• [Instructions to follow] Give back the exact lines of the material below from the one containing "Golf_1900x490" through the one containing "The Hunger Games", and no pictures.

• [Data supplied]
****
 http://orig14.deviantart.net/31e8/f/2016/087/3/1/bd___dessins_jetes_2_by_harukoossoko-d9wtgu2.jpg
****
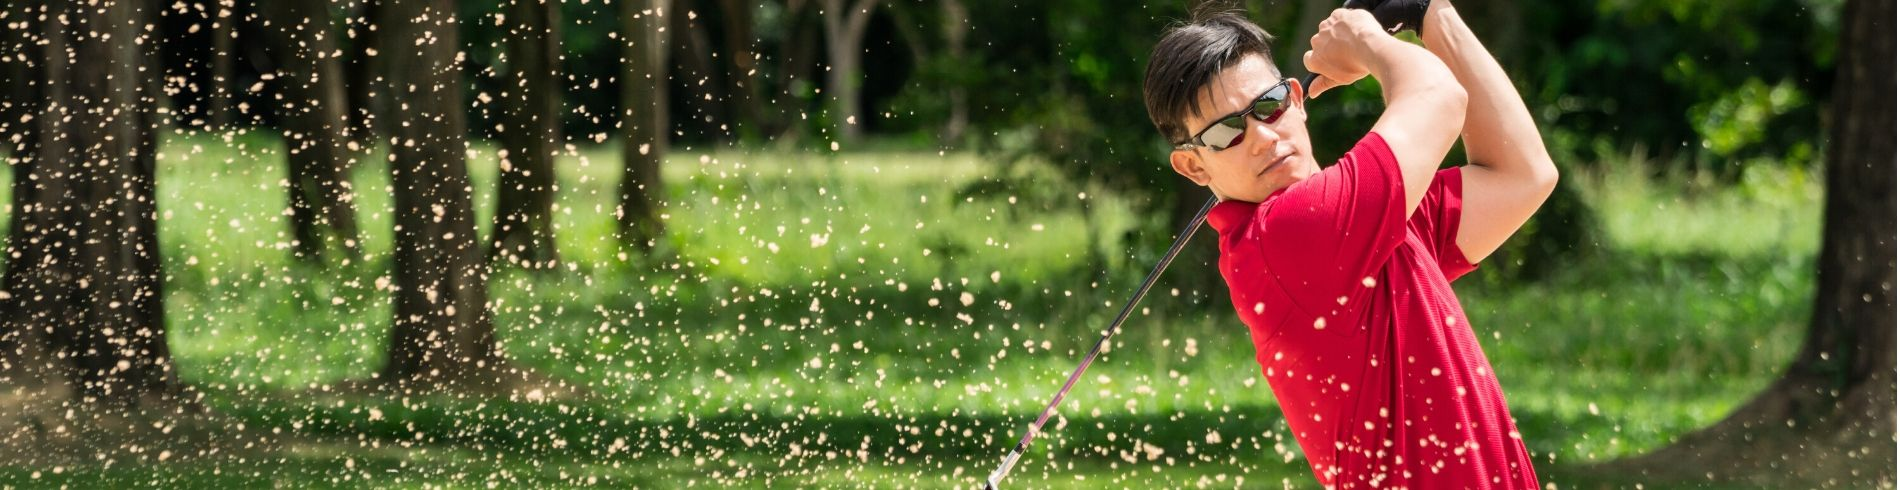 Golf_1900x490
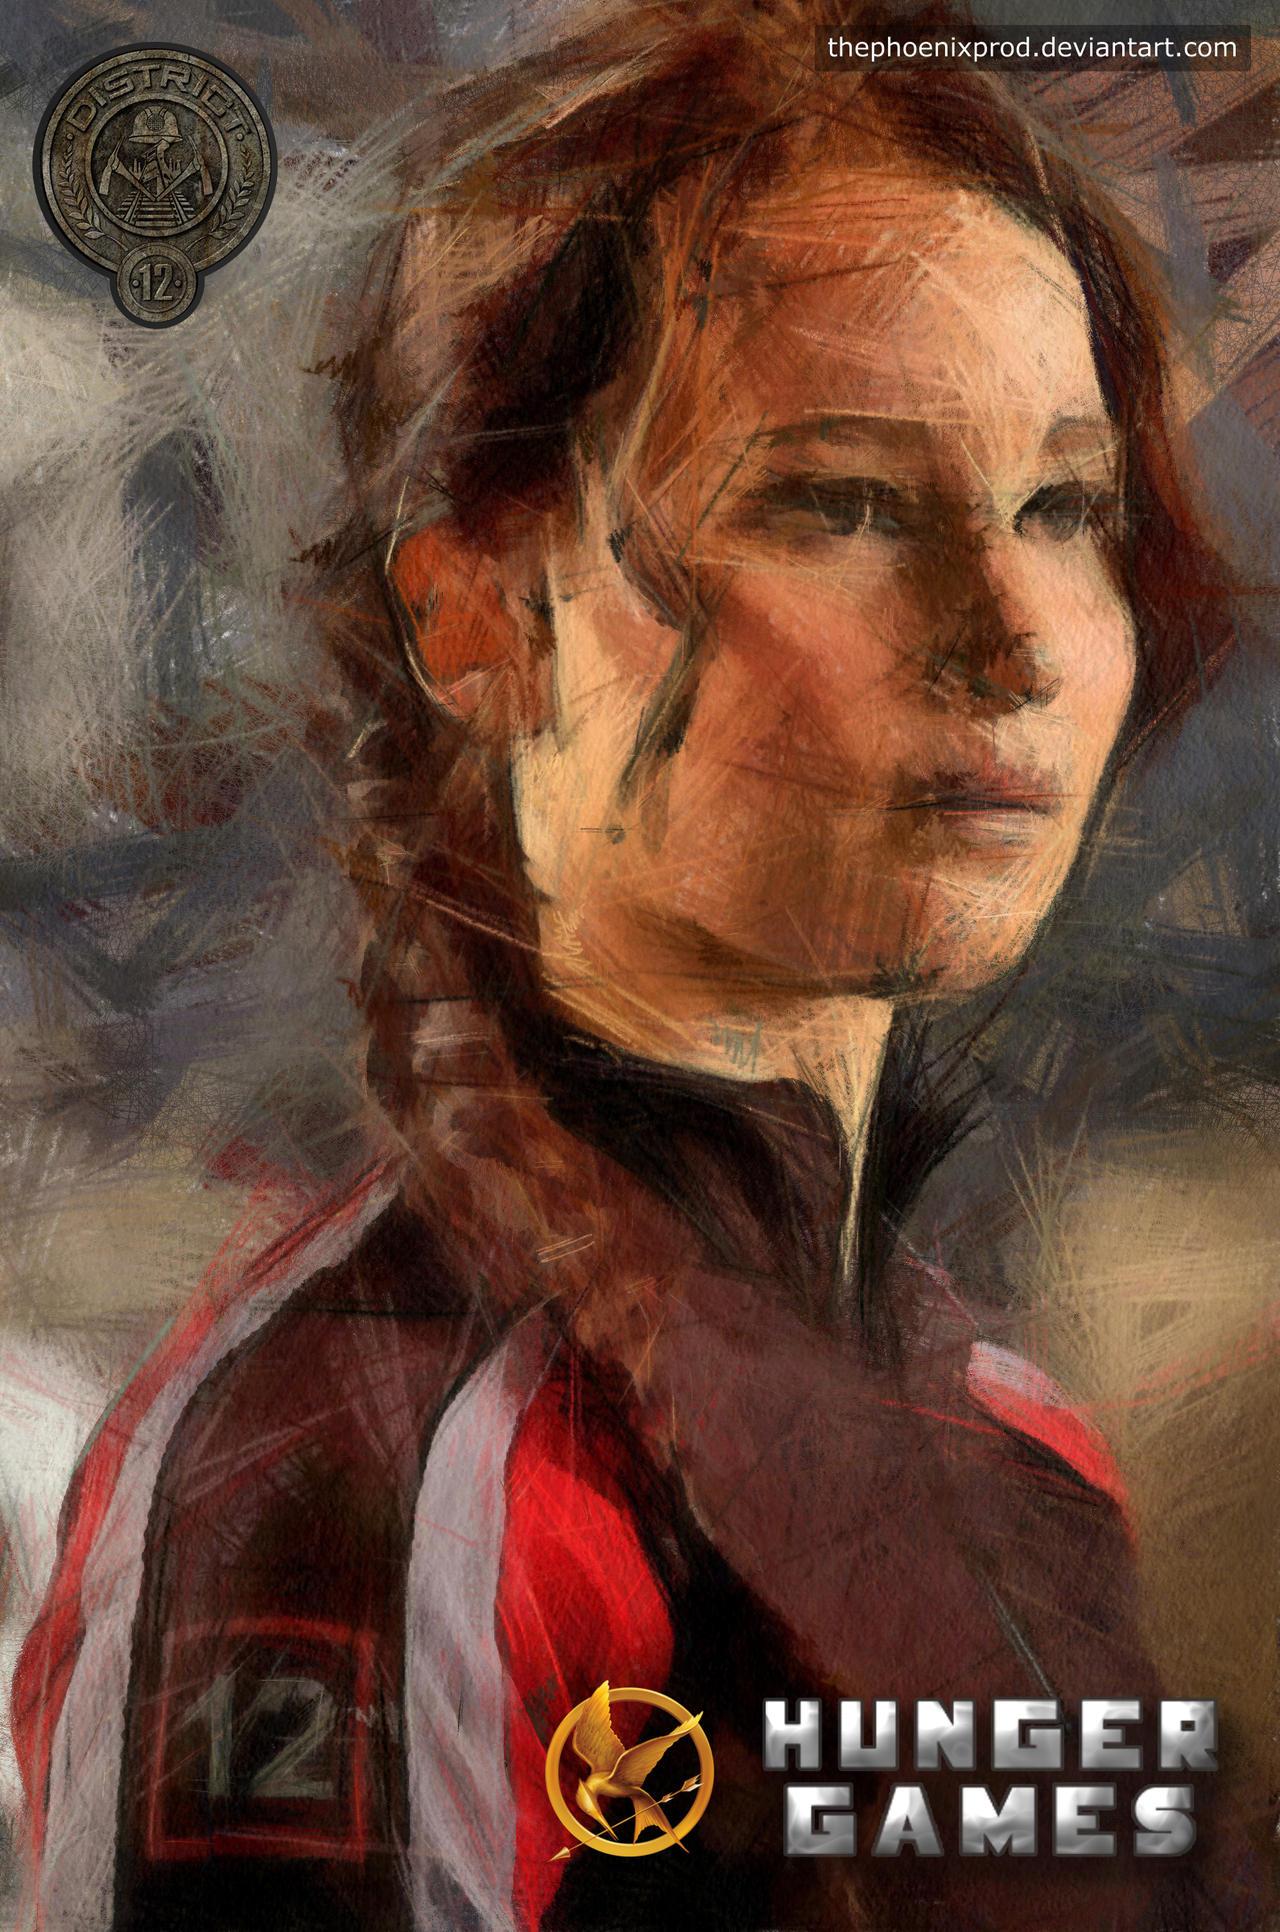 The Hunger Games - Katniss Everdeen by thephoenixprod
****
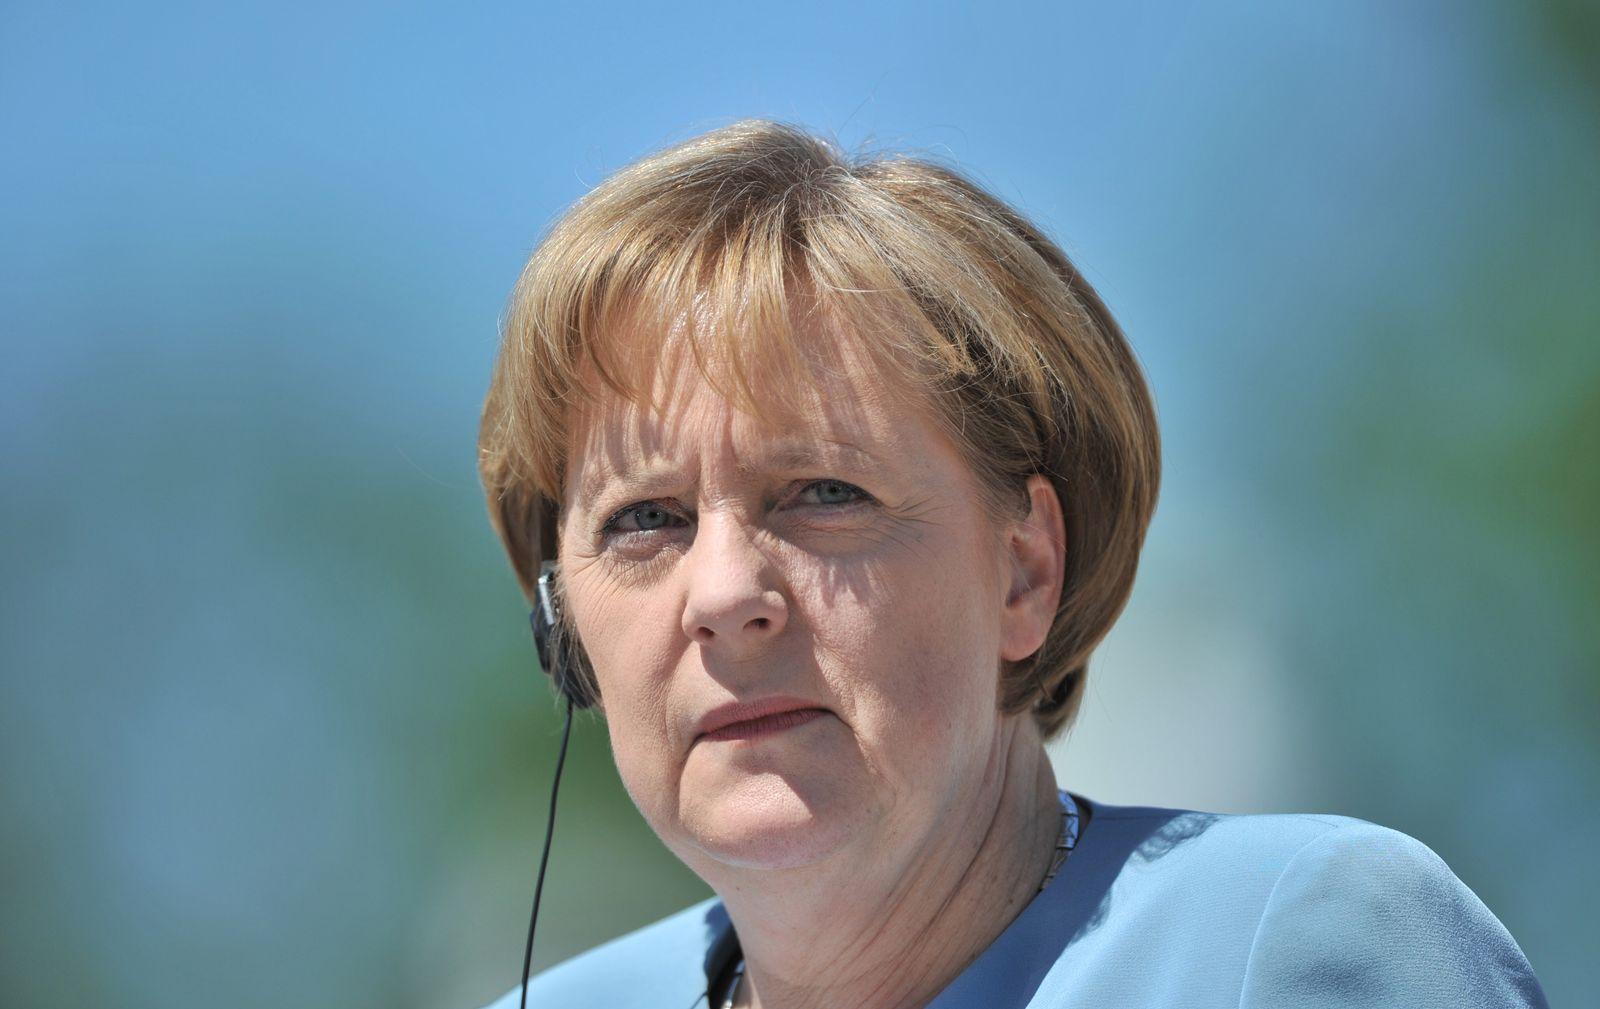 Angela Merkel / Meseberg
****
• [Answer to the exercise]
 Golf_1900x490
 The Hunger Games - Katniss Everdeen by thephoenixprod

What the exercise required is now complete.